Question

How do you solve $2{{x}^{2}}=242$ ?

Answer 1

Hint: In this question, we have to find the value of x. Thus, we will apply the algebraic identity to get the solution. We start solving this problem by dividing 2 on both sides in the above equation and then we will subtract 121 on both sides. After the necessary calculations, we will apply the algebraic identity $(a+b)(a-b)={{a}^{2}}-{{b}^{2}}$ on the left-hand side of the equation.

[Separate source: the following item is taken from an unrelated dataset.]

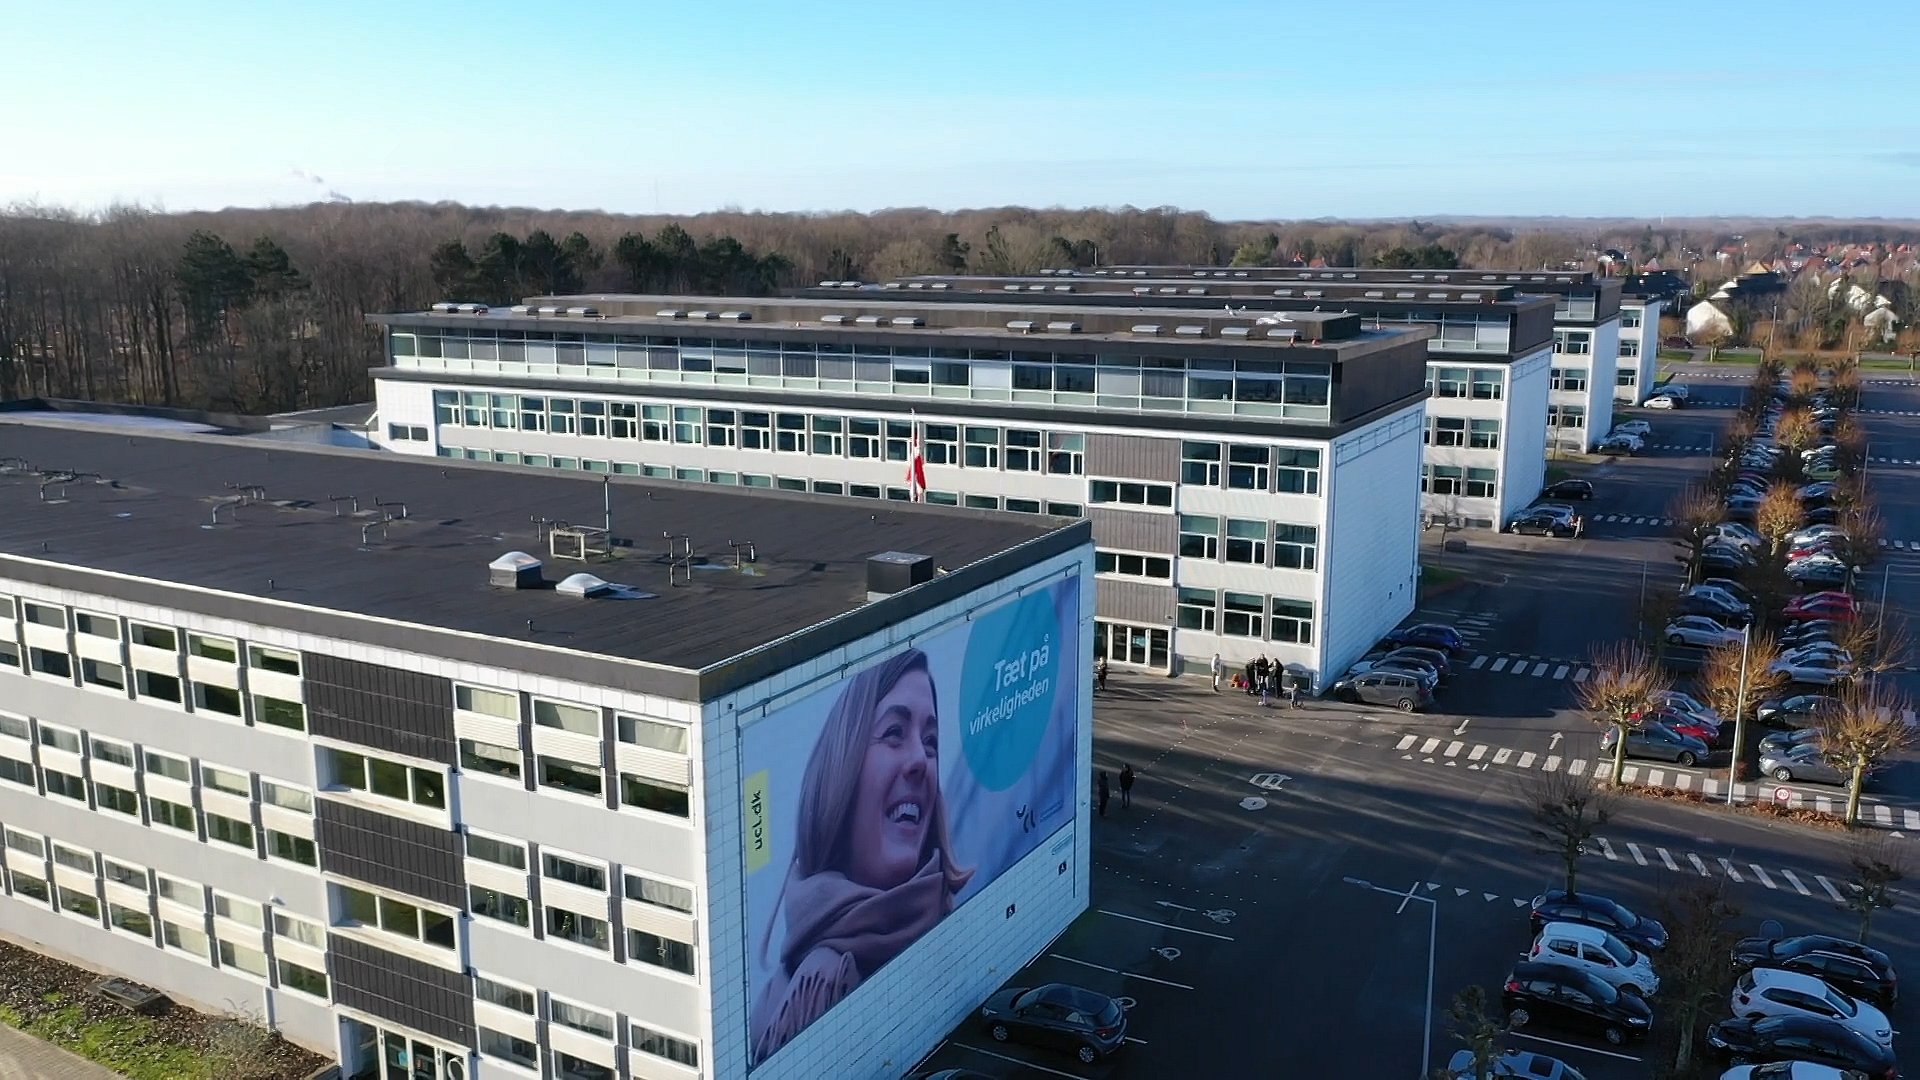 UCL stort antal studiepladser i Odense TV2 Fyn

Thus, we get two equations and solve them separately, to get the required result for the solution.

Complete step by step solution:
According to the question, we have to find the value of x.
Thus, we will apply the basic mathematical rules and the algebraic identity to get the solution.
The equation given to us is $2{{x}^{2}}=242$ ---------- (1)
First, we will divide 2 on both sides in equation (1), we get
$\Rightarrow \dfrac{2}{2}{{x}^{2}}=\dfrac{242}{2}$
On further simplification, we get
$\Rightarrow {{x}^{2}}=121$
Now, we will subtract 121 on both sides in the above equation, we get
$\Rightarrow {{x}^{2}}-121=121-121$
As we know, the same terms with opposite signs cancel out each other, therefore we get
$\Rightarrow {{x}^{2}}-121=0$
Now, we will apply the algebraic identity $(a+b)(a-b)={{a}^{2}}-{{b}^{2}}$ on the left-hand side in the above equation, we get
$\Rightarrow (x-11)(x+11)=0$
Thus, we get two new separate equations, that is
$\Rightarrow x-11=0$ and --------- (2)
$\Rightarrow x+11=0$ ------ (3)
Now, we will first solve equation (2), which is
$\Rightarrow x-11=0$
So, we will add 11 on both sides in the above equation, we get
$\Rightarrow x-11+11=0+11$
As we know, the same terms with opposite signs cancel out each other, therefore we get
$\Rightarrow x=11$
Now, we will first solve equation (3), which is
$\Rightarrow x+11=0$
So, we will subtract 11 on both sides in the above equation, we get
$\Rightarrow x+11-11=0-11$
As we know, the same terms with opposite signs cancel out each other, therefore we get
$\Rightarrow x=-11$

Therefore, for the equation $2{{x}^{2}}=242$, the value of x is equal to 11, -11.

Note: While solving this problem, do mention all the steps properly to avoid confusion and mathematical errors. One of the alternative methods to solve this problem is first to subtract 242 and then divide 2 on both sides in the equation. Then, we will apply the algebraic identity and make the necessary changes to get the solution.